“Soft”, at “low levels”; home approvals down 4.6% in September

01 November 2023

Home approval numbers down 4.6% in September, contrasts with expected gain; 22.3% lower than September 2022; Westpac: moderately soft set of results, at low levels by historical standards; ACGB yields up modestly; rate-rise expectations firm a touch; house approvals down 4.0%, apartments down 5.8%; non-residential approvals down 7.2% in dollar terms, residential alterations up 0.7%.

Building approvals for dwellings, that is apartments and houses, headed south after mid-2018. As an indicator of investor confidence, falling approvals had presented a worrying signal, not just for the building sector but for the overall economy. However, approval figures from late-2019 and the early months of 2020 painted a picture of a recovery taking place, even as late as April of that year. Subsequent months’ figures then trended sharply upwards before falling back through 2021, 2022 and the first half of 2023.

The Australian Bureau of Statistics has released the latest figures from September which show total residential approvals fell by 4.6% on a seasonally-adjusted basis. The result contrasted with the 2.5% gain which had been generally expected as well as August’s 8.1% gain after revisions.
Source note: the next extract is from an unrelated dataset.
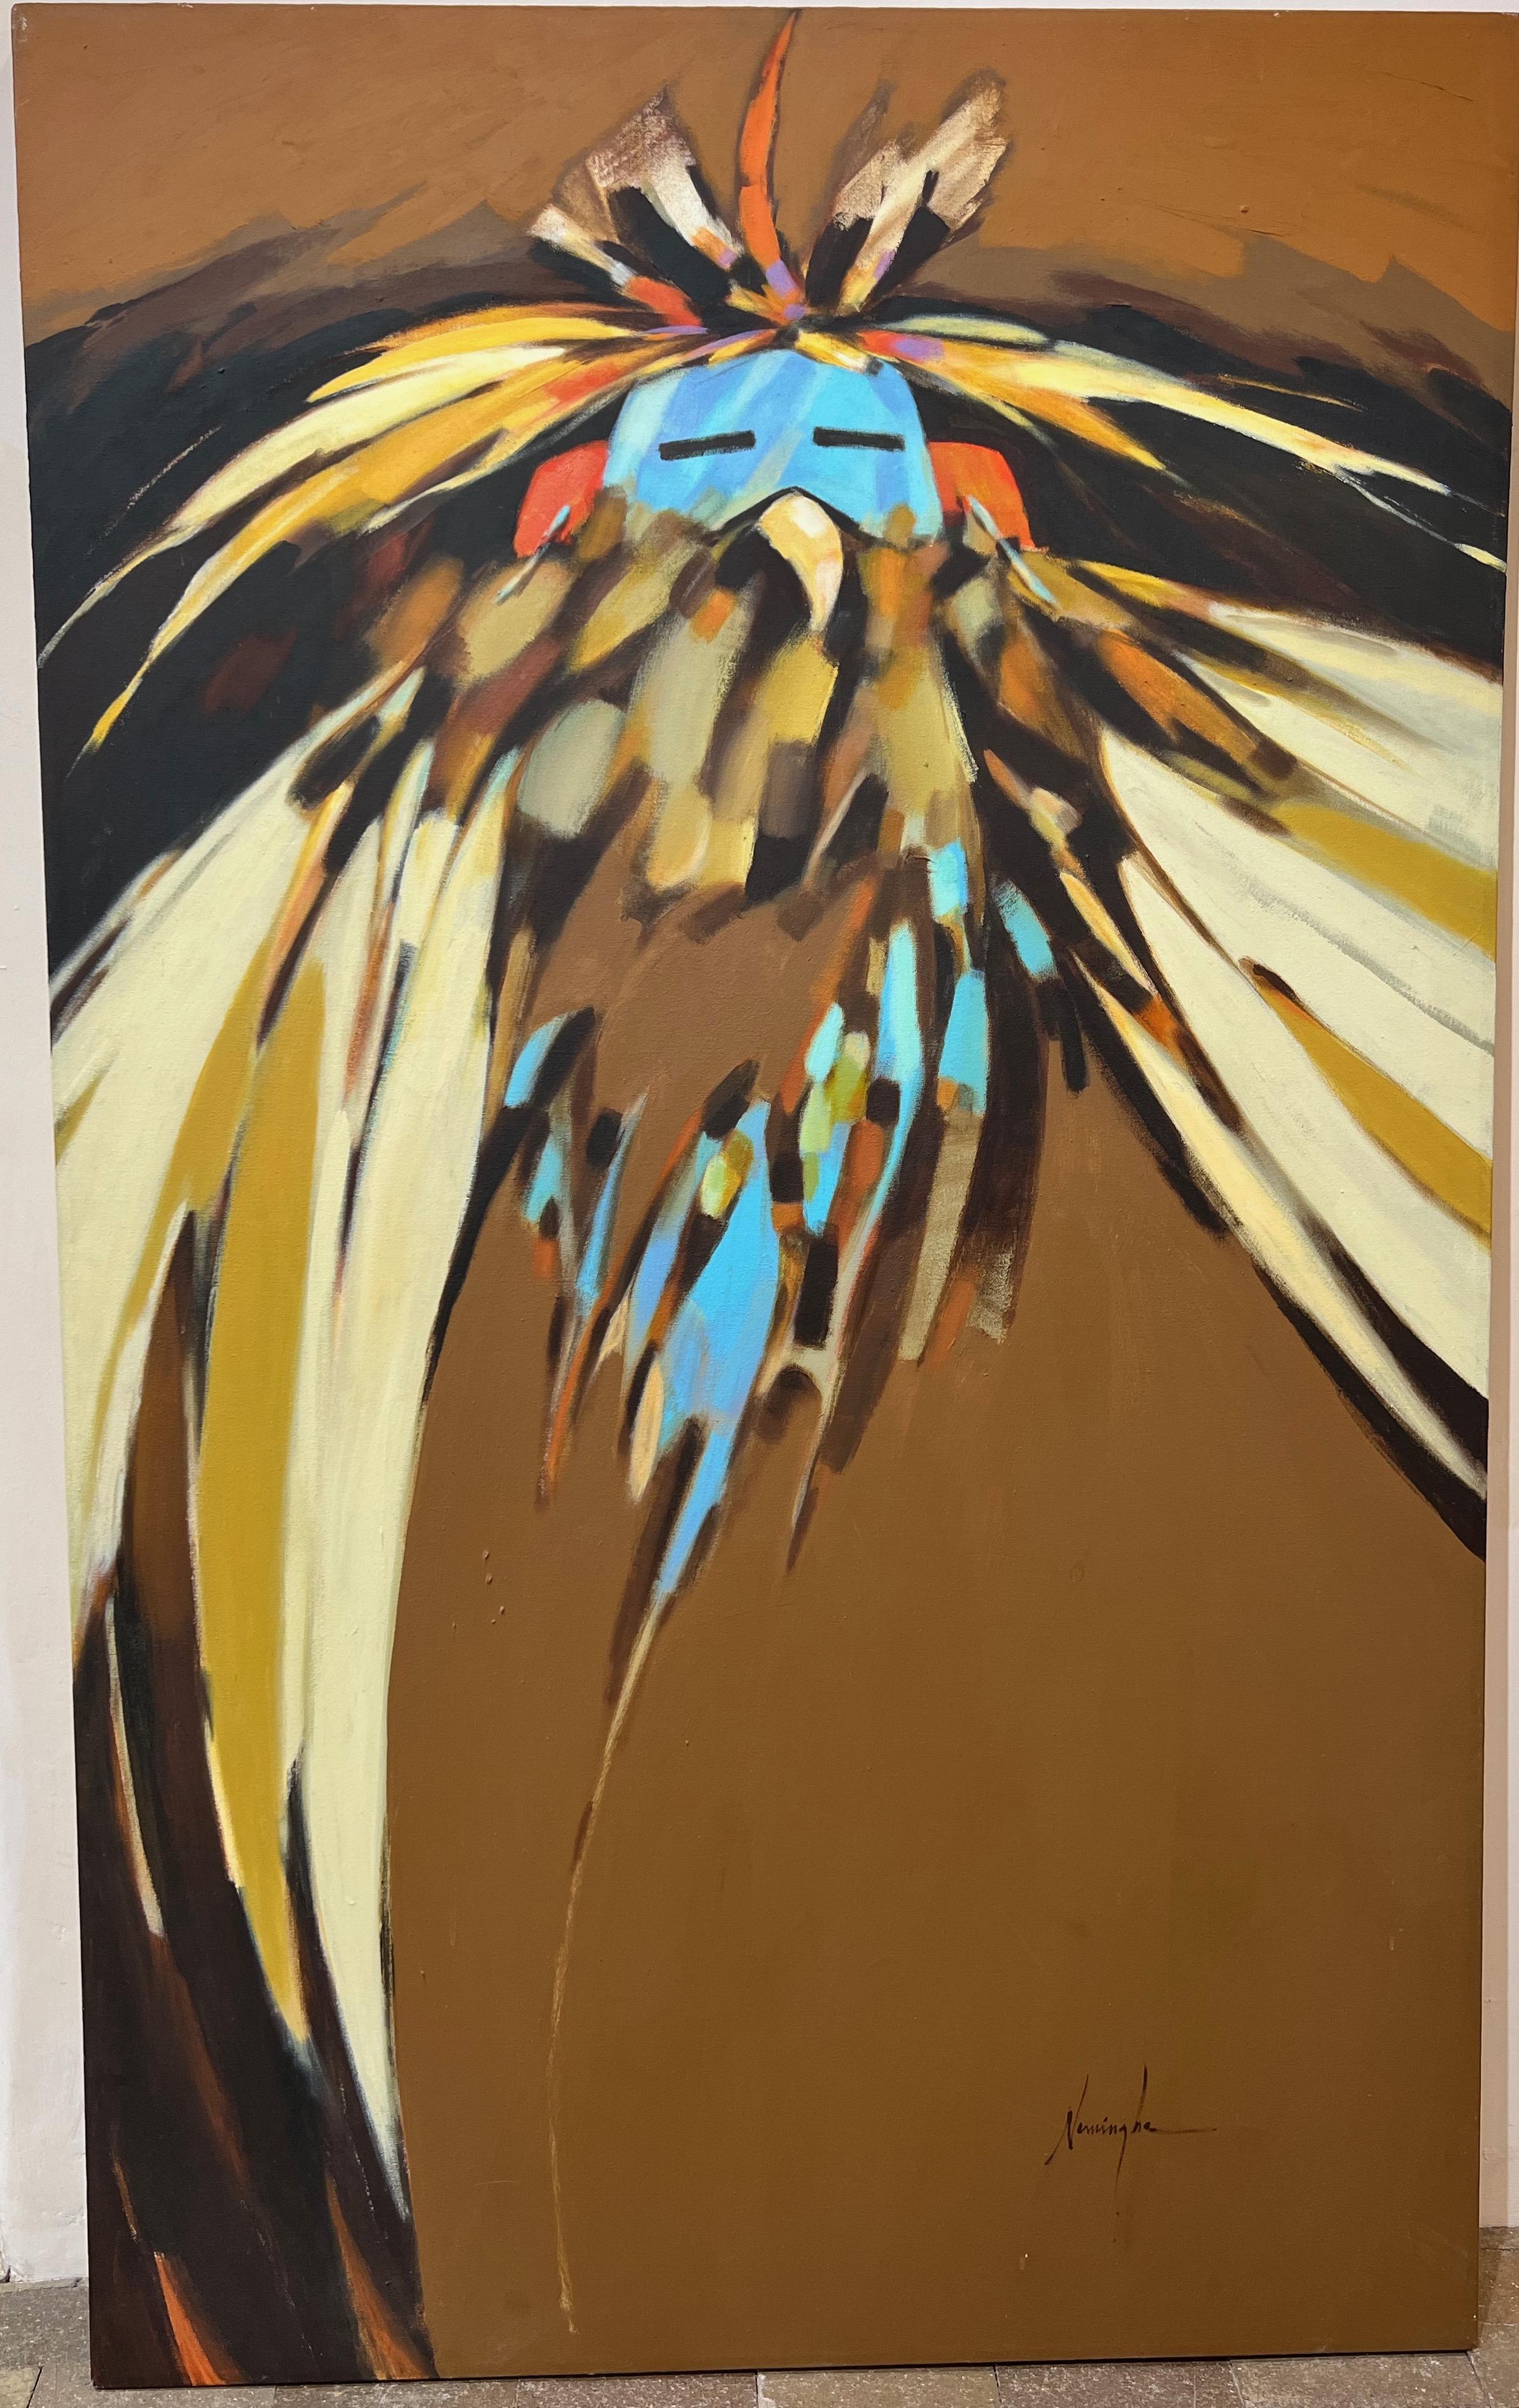 Eagle Kachina, peinture, par Dan Namingha, vertical, brun, rouge, noir, turquoise

Nous présentons des peintures, des gravures et des sculptures de la sommité du Sud-Ouest, DAN NAMINGHA. Notre collection de ses premières lithographies est constituée

Total approvals fell by 22.3% on an annual basis, down from the previous month’s revised figure of -20.6%. Monthly growth rates are often volatile.

“Overall, the September update showcased a moderately soft set of results, at a time where signs of an underlying stabilisation in dwelling approvals have begun to emerge, albeit at low levels by historical standards,” said Westpac economist Ryan Wells. “That said, the outlook for dwelling approvals remains mixed; just as wider housing markets are benefitting from rapid population growth, legacy issues around elevated construction costs and capacity constraints remain a drag on building activity.”

Commonwealth Government bond yields rose modestly on the day, lagging overnight movements of US Treasury yields. By the close of business, the 3-year ACGB yield had crept up 1bp to 4.44%, the 10-year had gained 2bps to 4.97% while the 20-year yield finished 1bp higher at 5.30%.

In the cash futures market, expectations regarding further rate rises firmed a touch. At the end of the day, contracts implied the cash rate would increase from the current rate of 4.07% to average 4.20% through November, 4.285% in December and 4.375 in February. May 2024 contracts implied a 4.505% average cash rate while August 2024 contracts implied 4.515%, 45bps more than the current rate.

Approvals for new houses fell by 4.0% over the month, in contrast with August’s 7.5% gain after revisions. On a 12-month basis, house approvals were 11.4% lower than they were in September 2022, up from August’s comparable figure of -13.5%.                                              

Apartment approval figures are usually a lot more volatile and September’s total fell by 5.8% after a 9.2% gain in August. The 12-month growth rate rose from August’s revised rate of -34.3% to -33.4%.

Non-residential approvals decreased by 7.2% in dollar terms over the month but were 2.1% higher on an annual basis. Figures in this segment also tend to be rather volatile.

Residential alteration approvals increased by 0.7% in dollar terms over the month and were 2.6% higher than in September 2022.